Mayo: not just a sandwich spread



     Being diagnosed with a serious heart condition changes a lot of things, one of them being the lengths to which Josh and I will go to get medical care that we can trust.  My (previous) cardiologist thought I was nuts for even considering driving to Florida “just” to get another opinion.  But Mayo isn’t just the name of that white stuff you put in potato salad, or if you are my mother, all over your sandwich. 
     Mayo is also the name of 3 hospital centers across the States.  The first Mayo Clinic was opened in Rochester, Minnesota in 1863 with the start of Dr. William Mayo’s practice there.  Dr. Mayo was then joined by his two sons in the 1880s.  As the Mayo family’s dedication to their patients, collaborative approach to knowledge, and love of innovation and the advancement of the science of medicine drew in too many patients to serve, the Mayo family asked other doctors and scientists to join them.  The Mayo Clinic in Rochester has consistently been voted the best hospital in the country by both patients and practitioners over the 150 years they have been in service.
      Integrated, patient centered care is how the Mayo family made their name in medicine and is still the core of the values held by all of the Mayo Clinics: Minnesota, Arizona and the one we went to in Jacksonville, Florida.  If you moved across the country, were then diagnosed with a life-threatening illness and having difficulty finding medical care you could trust what would you do? 
     I’m not always brave but I am consistently stubborn.  I struggle with anxiety if things just don’t make sense to me.  Why am I experiencing heart failure?  What does this mean for my life expectancy?  Am I dying?  If I am expected to live a few years, a decade, until I’m 80, then how does heart failure change the way I will experience that life?  Will I be sick the whole time?  What is happening to me?
     I guess I also struggle with really high expectations of doctors.  I mean, why go to all that school, why choose a career taking care of people if you aren’t dedicated to, well, caring for people?  So, I hear Mayo Clinic and I think, maybe the doctors there won’t patronize me, and maybe I could trust in my care instead of fighting for good care, and maybe, just maybe, we will get some answers.
    Worth a 5 ½-6 hour drive to me.  Unless you drive down on the Sunday after Thanksgiving.  Then it needs to be worth an 11 hour drive, but, whatever.
     That feeling of a Father’s tender care?  An acquaintance-level person from Josh’s work opening their home to us, 20 minutes from Mayo in Jacksonville, when we can’t afford to stay in even the cheapest hotel.  That same couple buying us dinner Monday night.  We don’t even know them.  Gas at $2.39-2.79 per gallon over a really long drive.  We made a trip from Greenville to Jacksonville with no money in our bank account for the cost of gas, coffee and $3 all-day parking.
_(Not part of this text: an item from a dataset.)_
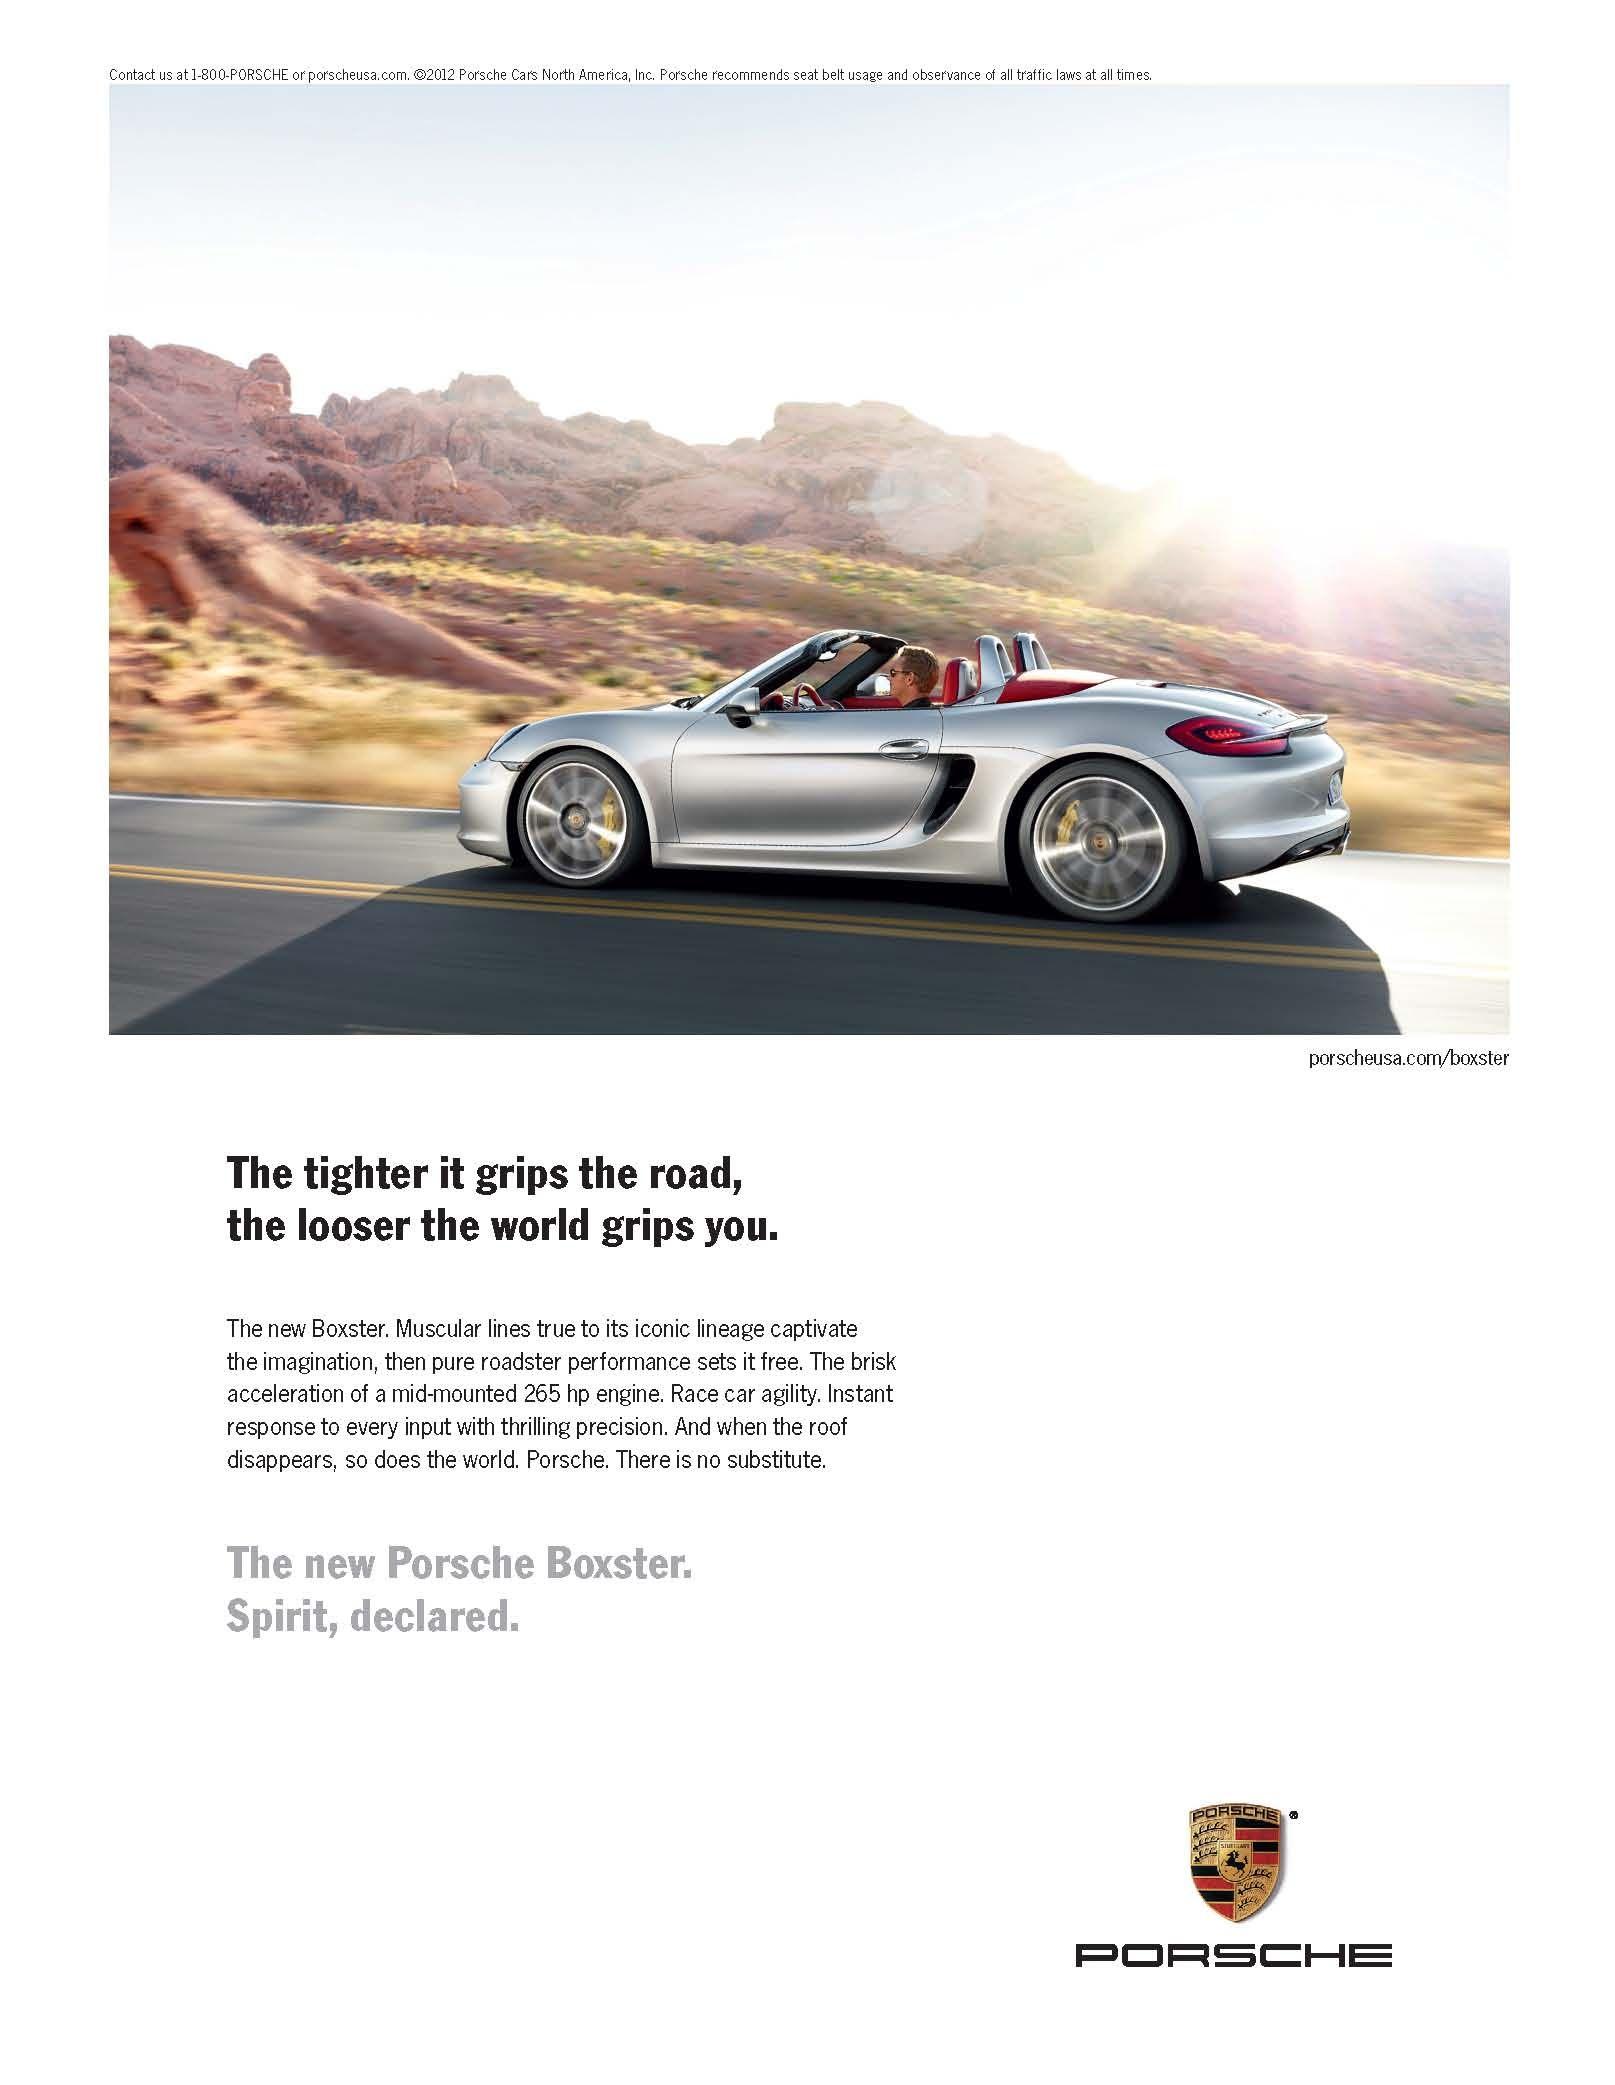 "PORSCHE OFFICIAL ORIGINAL 911 996 TURBO /"" SEX /"" ADVERTISING  POSTER 2003 USA."

  That feeling of hope exploding across your chest?  Passing the entrance with the big stylized marble stones emblazoned with: “patient care”, “research”, “education” and entering the Davis Building connected to a huge hospital and the patients there don’t look afraid.
     We checked in on Monday morning really early; Josh, Matthew and I making a tour of registration just after 7 am.  I had the second appointment of the day with our cardiologist.  The minimum time the doctor spends with each patient? 45 minutes.  Yep!  Not 15 minutes while looking at his watch, 45 minutes and gave us his personal cell number as we were leaving in case we had more questions with the instructions, “Use it, don’t abuse it!”  There was a long waiting room-like couch in each exam room.  All the staff smiled with their eyes.  The doctor was waiting for us as we entered the exam room. 
     Can Mayo open a center in Greenville?